Add the corresponding main.nf file by navigating to the **Nextflow files > main.nf** tab and copying and pasting the following definition.

```groovy
nextflow.enable.dsl=2
 
include { sort } from './sort.nf'
include { split } from './split.nf'
include { merge } from './merge.nf'
 
 
params.myinput = "test.test"
 
workflow {
    input_ch = Channel.fromPath(params.myinput)
    split(input_ch)
    sort(split.out.flatten())
    merge(sort.out.collect())
}
```

Here, the operators *flatten* and *collect* are used to transform the emitting channels. The *Flatten* operator transforms a channel in such a way that every item of type Collection or Array is flattened so that each single entry is emitted separately by the resulting channel. The collect operator collects all the items emitted by a channel to a List and return the resulting object as a sole emission.
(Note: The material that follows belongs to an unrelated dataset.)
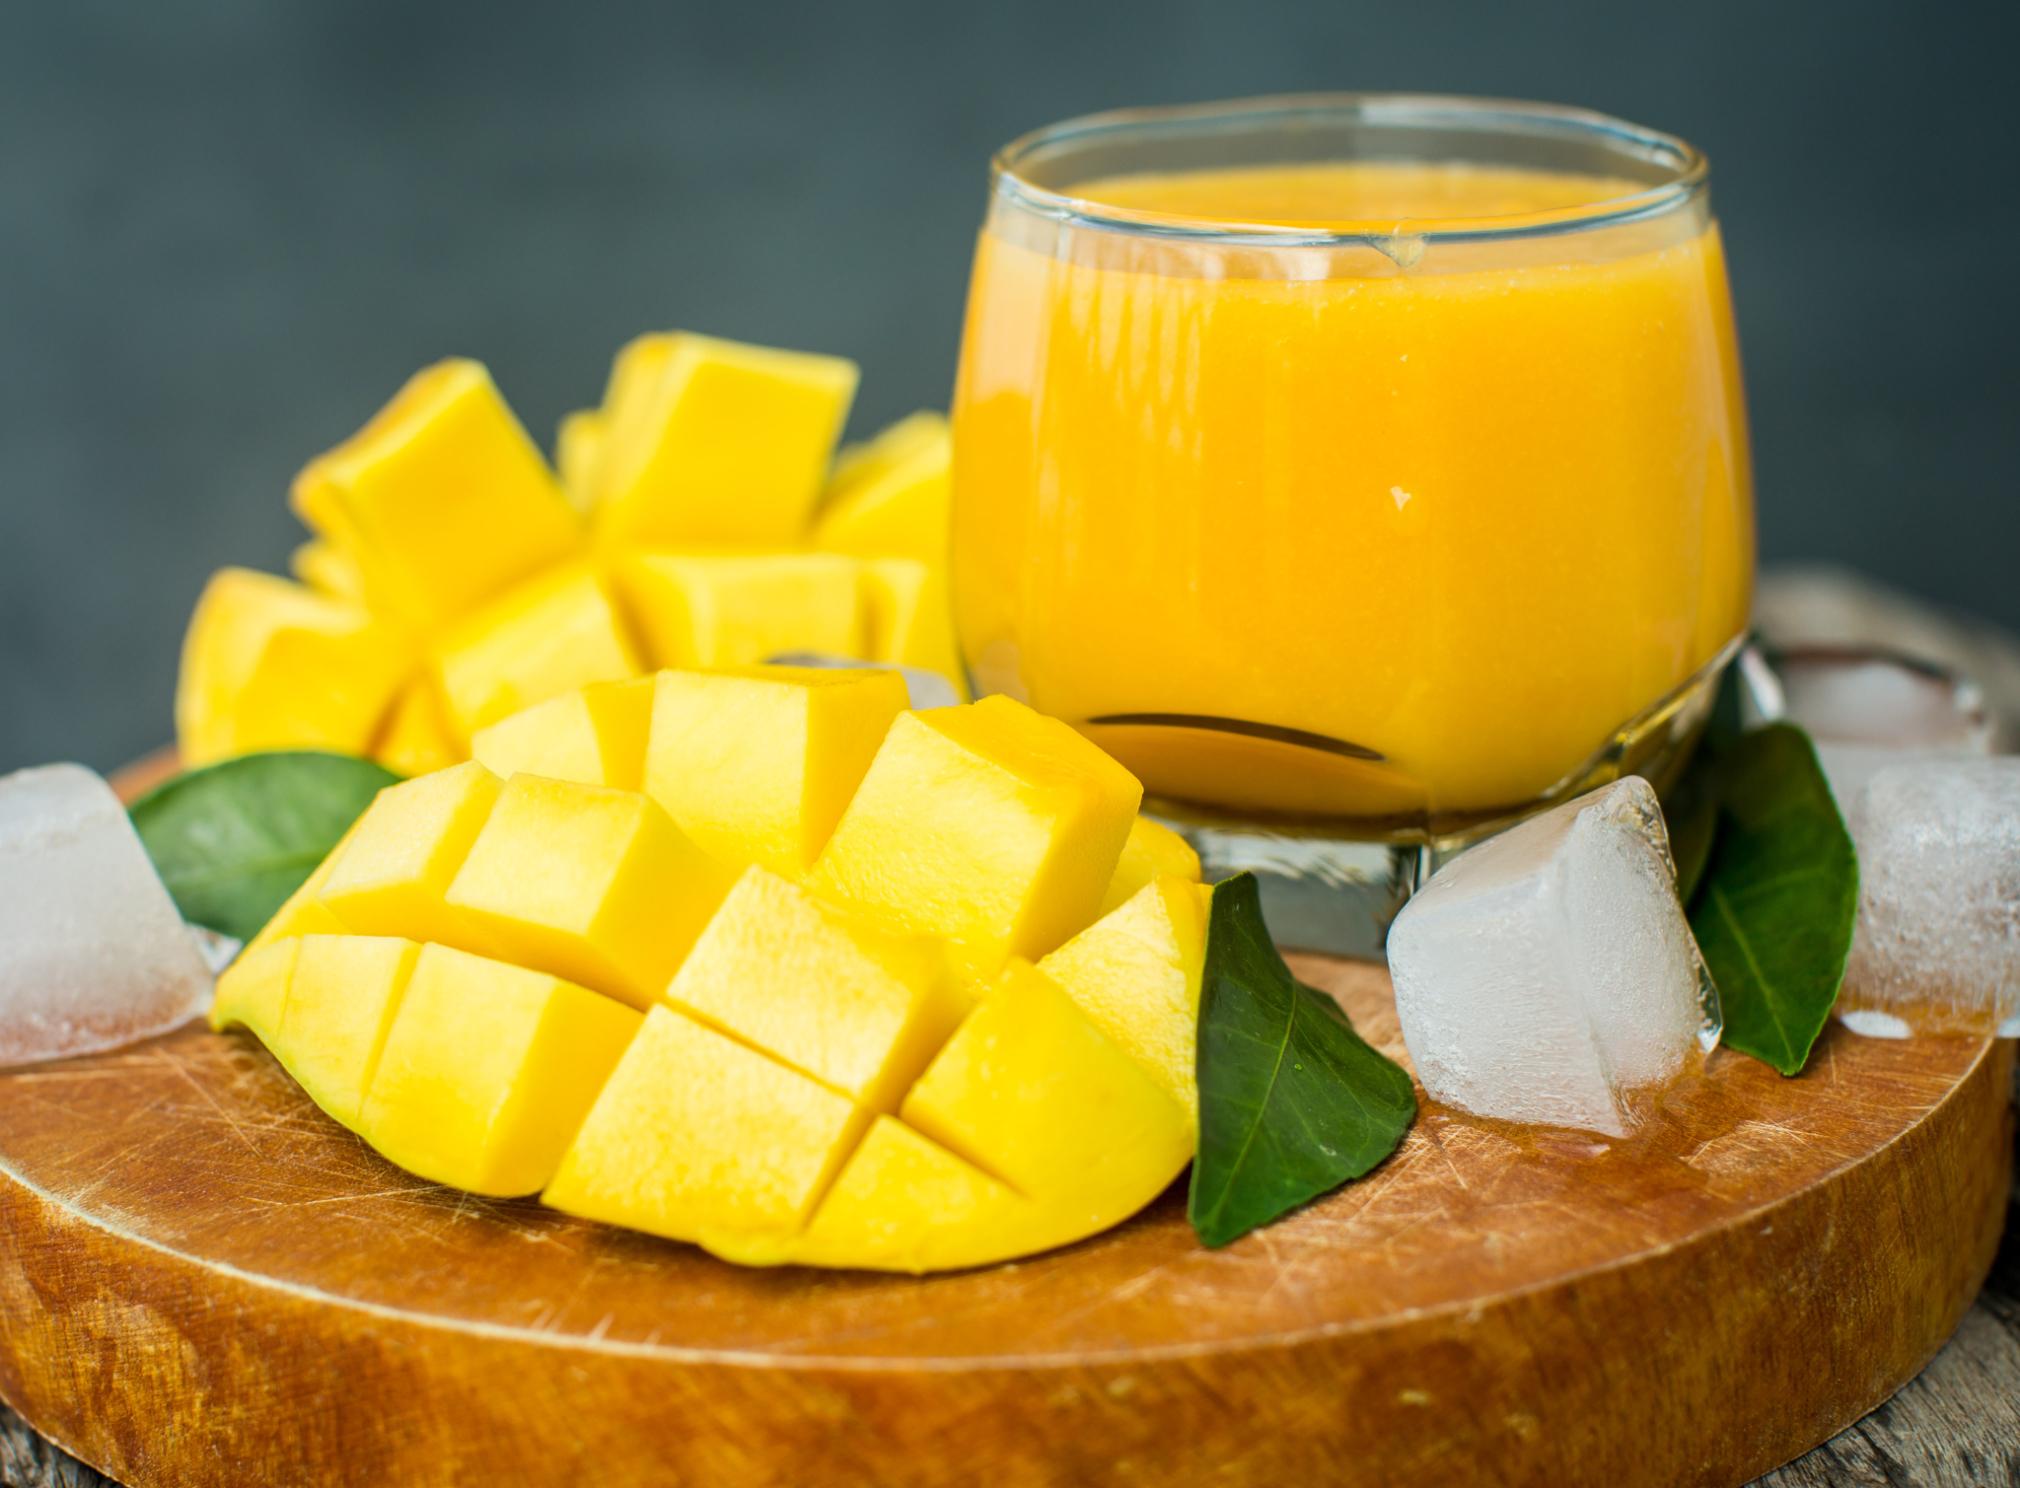 Mango: description, use. Nutritional value and calorie content of mango 34
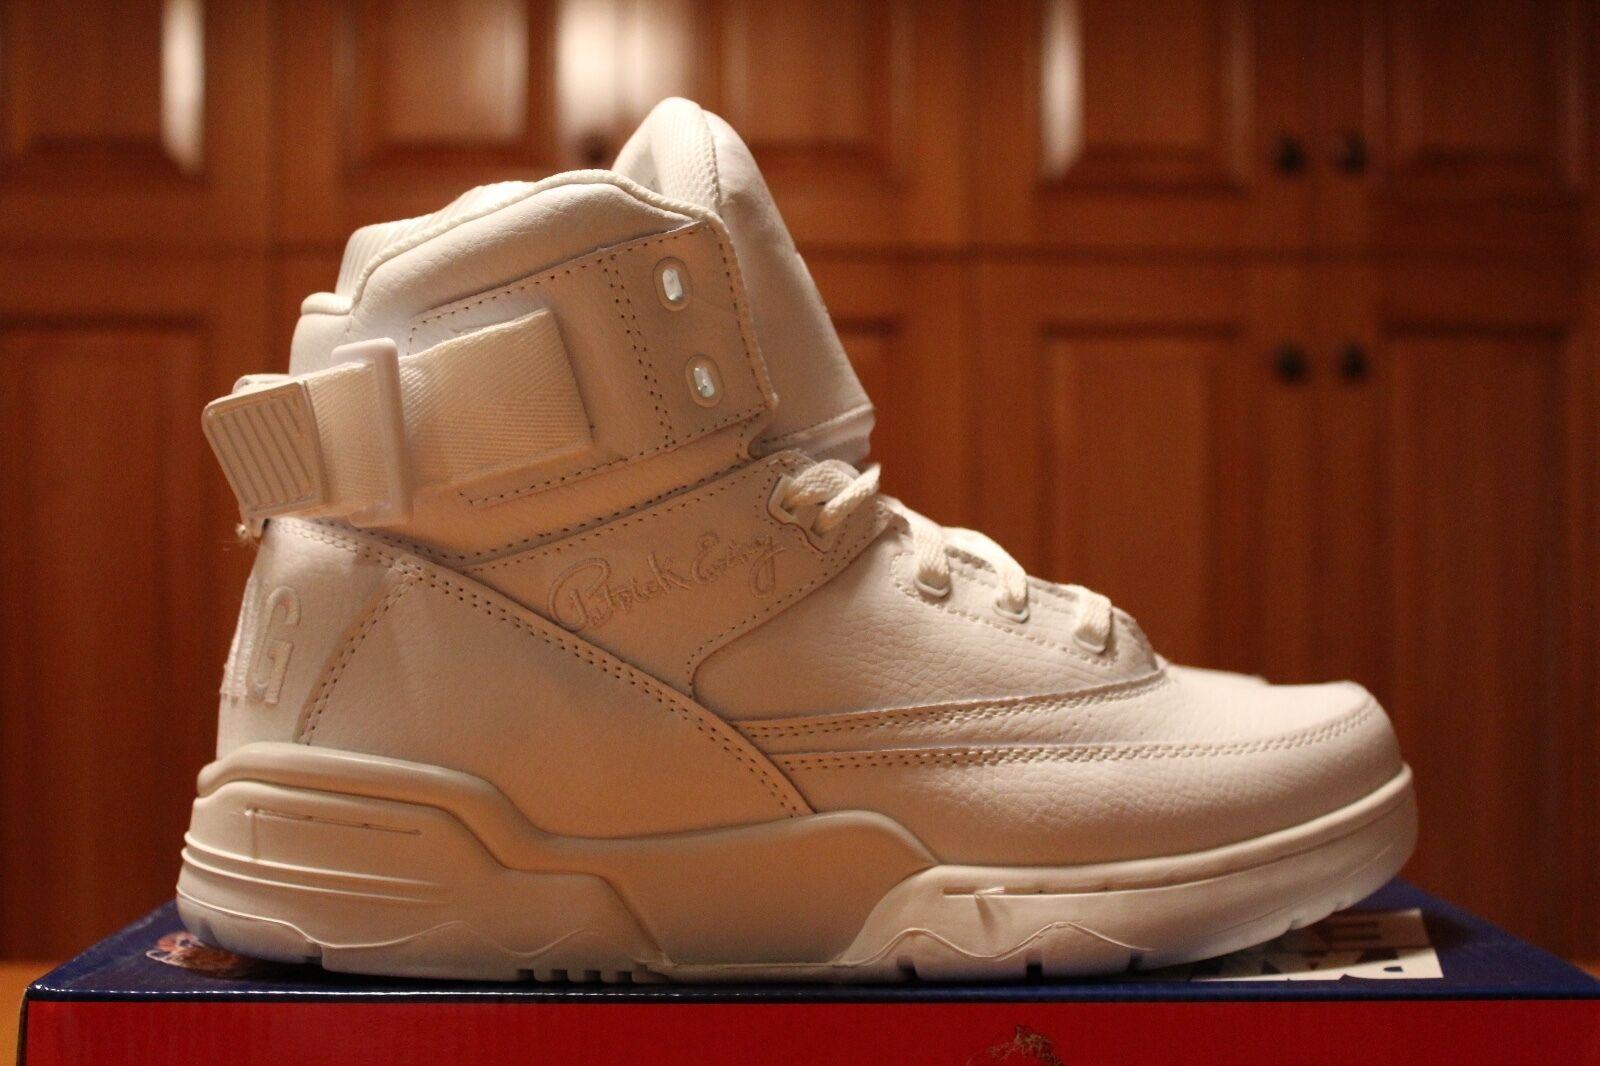 Ewing 33 hi White Basketball Shoes US Shoe Size 9.5

Finally, copy and paste the following XML configuration into the **XML Configuration** tab.

```xml
<?xml version="1.0" encoding="UTF-8" standalone="yes"?>
<pd:pipeline xmlns:pd="xsd://www.illumina.com/ica/cp/pipelinedefinition" code="" version="1.0">
    <pd:dataInputs>
        <pd:dataInput code="myinput" format="TSV" type="FILE" required="true" multiValue="false">
            <pd:label>myinput</pd:label>
            <pd:description></pd:description>
        </pd:dataInput>
    </pd:dataInputs>
    <pd:steps/>
</pd:pipeline>
```

Click the Generate button (at the bottom of the text editor) to preview the launch form fields.

Click the **Save** button to save the changes.

## Running the pipeline

Go to the **Pipelines** page from the left navigation pane. Select the pipeline you just created and click **Start New Analysis**.

Fill in the required fields indicated by red "\*" sign and click on **Start** button. You can monitor the run from the **Analyses** page. Once the Status changes to Succeeded, you can click on the run to access the results page.

In **Projects > your\_project > Flow > Analyses > your\_analysis >** **Steps** you can see that the input file is split into multiple chunks, then these chunks are sorted and merged.